__EXERCISE DESCRIPTION__
Repeat the listing exactly. Pictures stay out of your copy.

__SOURCE DATA__
++++
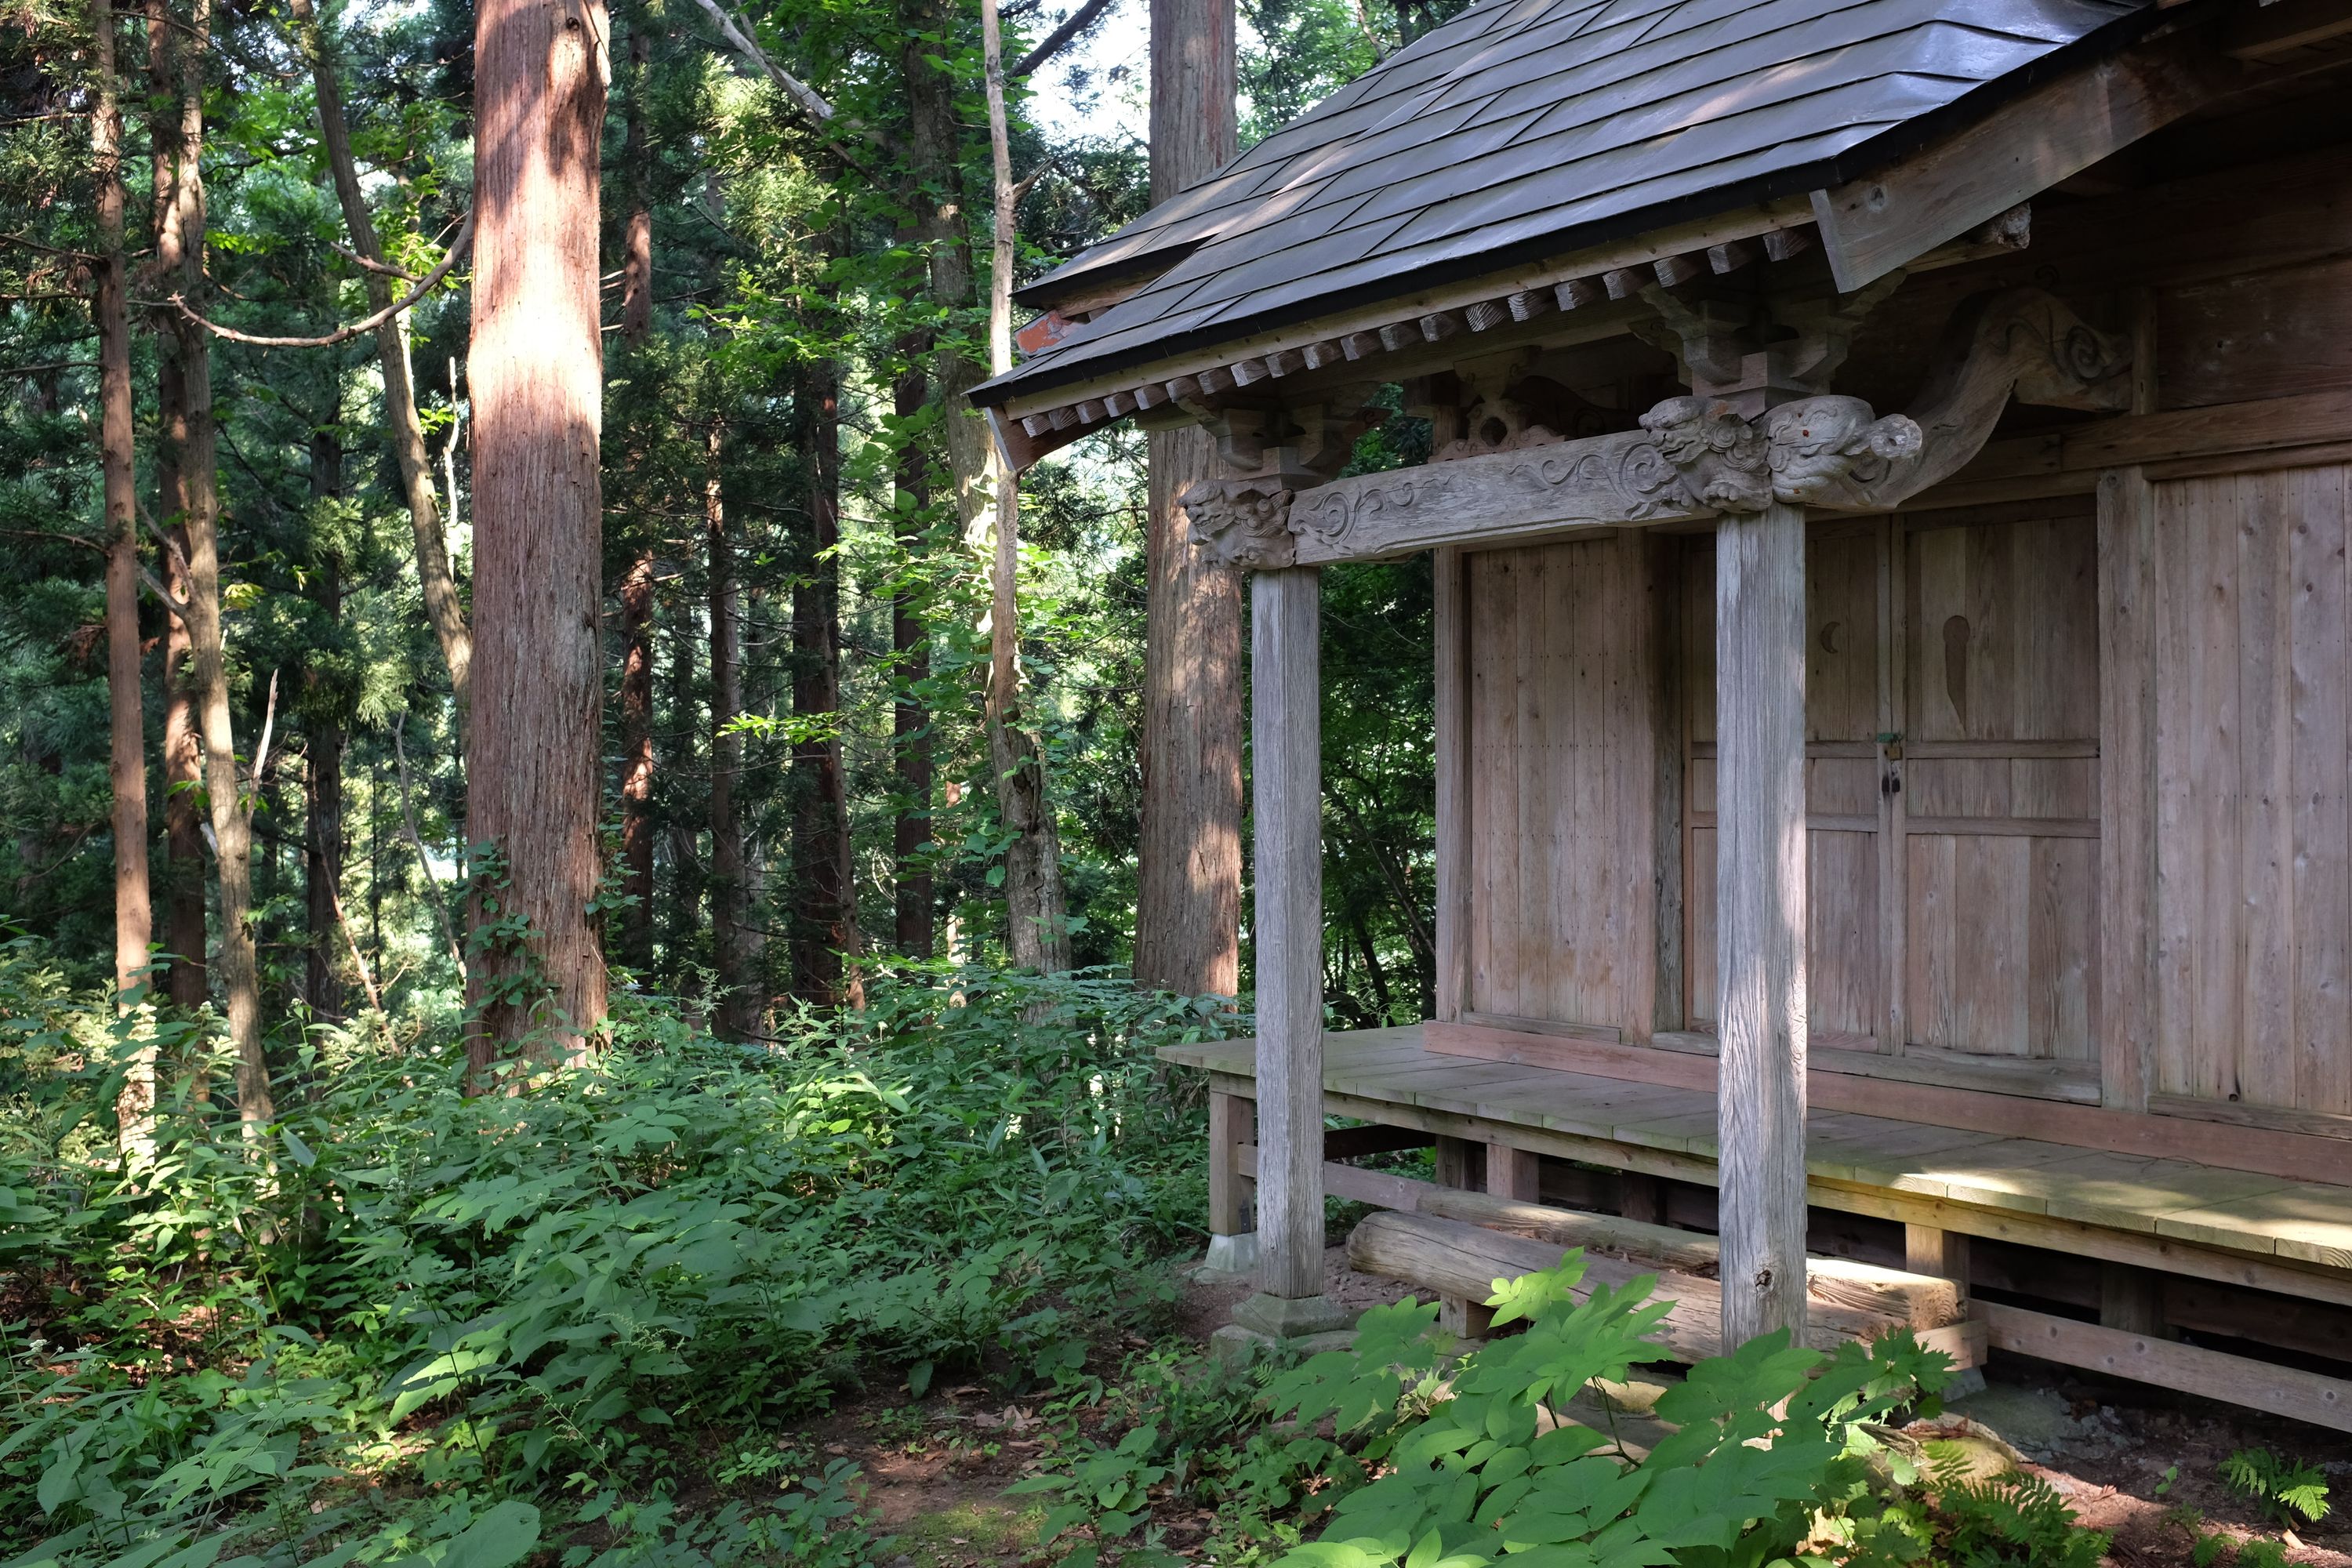 A small wooden shrine in a forest.
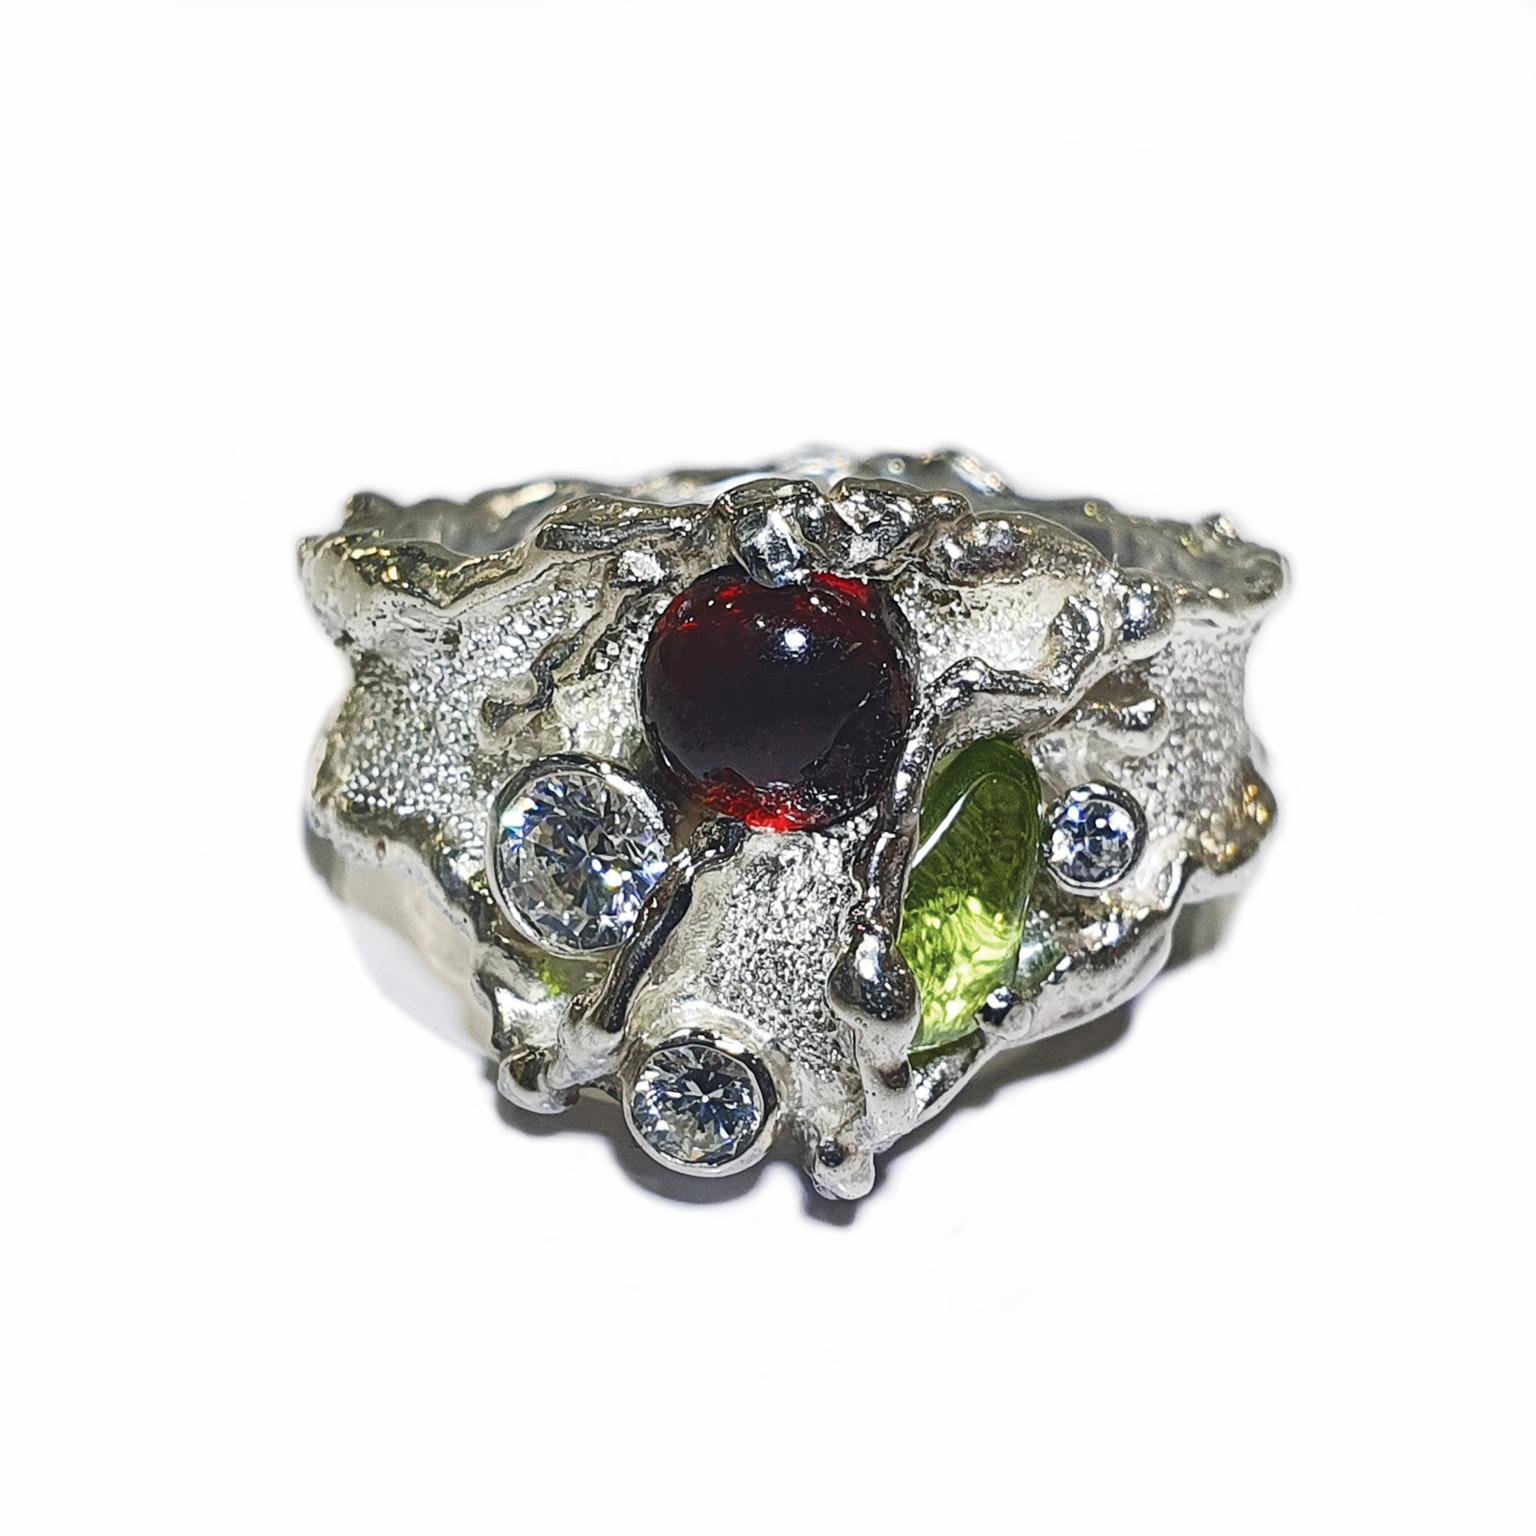 Paul Amey’s Molten Edge Sterling silver ring was crafted from tarnish resistant Sterling Silver. The ring features white Swarovski crystals, a natural peridot crystal and a garnet cabochon. The ring is finished with Paul Amey’s signature texture.
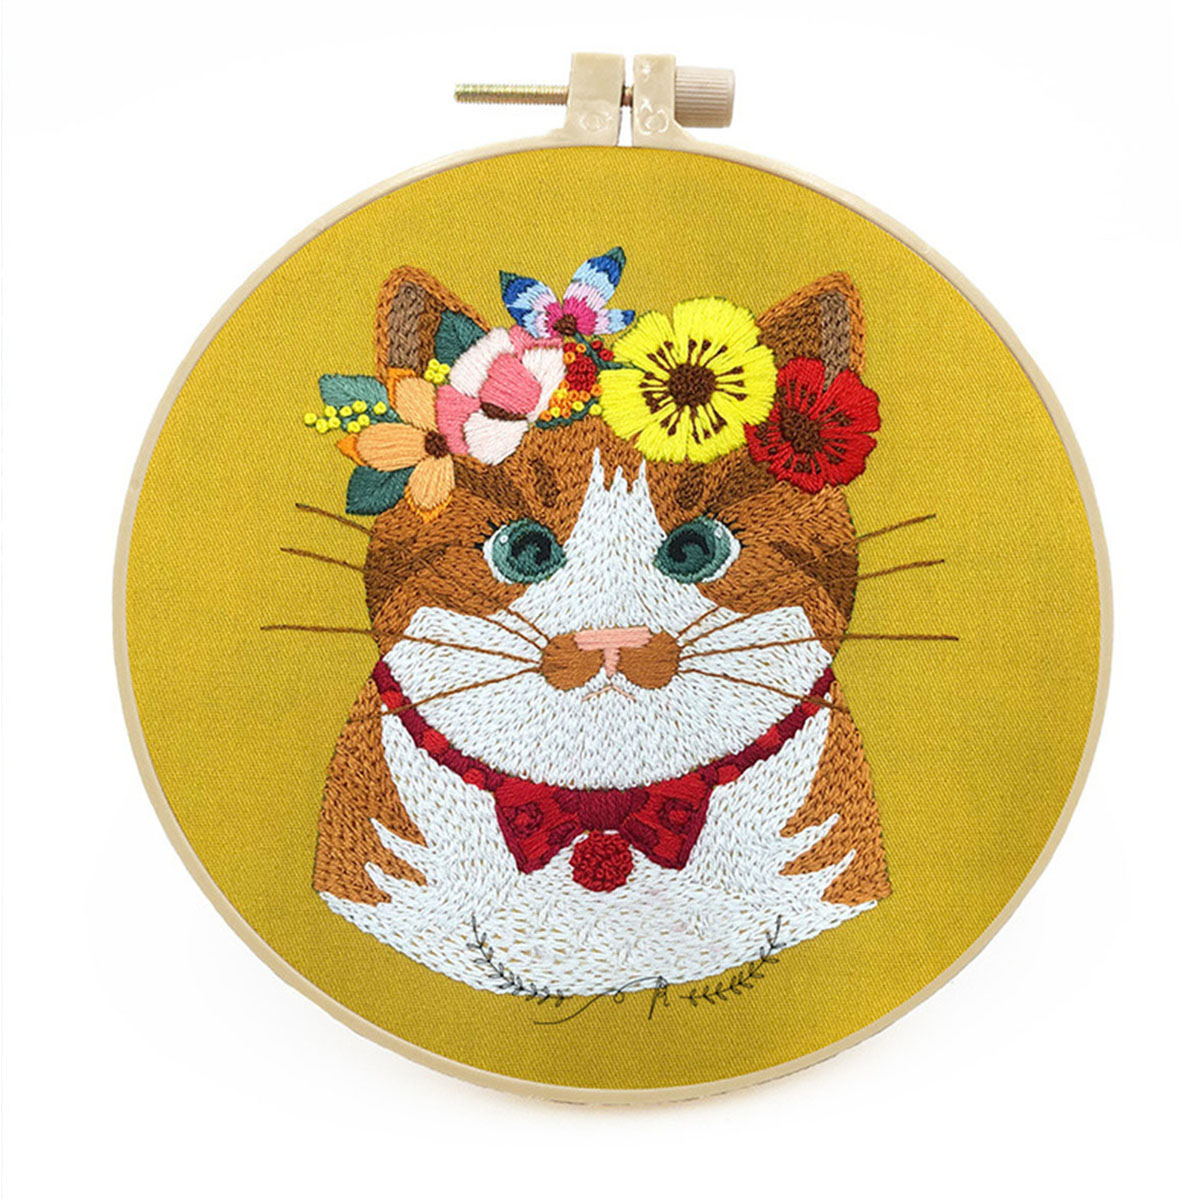 Embroidery starter kit for Adult Beginner - Cute Cat Floral Pattern
++++
__RESULT OF THE TASK__
 A small wooden shrine in a forest.
 Paul Amey’s Molten Edge Sterling silver ring was crafted from tarnish resistant Sterling Silver. The ring features white Swarovski crystals, a natural peridot crystal and a garnet cabochon. The ring is finished with Paul Amey’s signature texture.
 Embroidery starter kit for Adult Beginner - Cute Cat Floral Pattern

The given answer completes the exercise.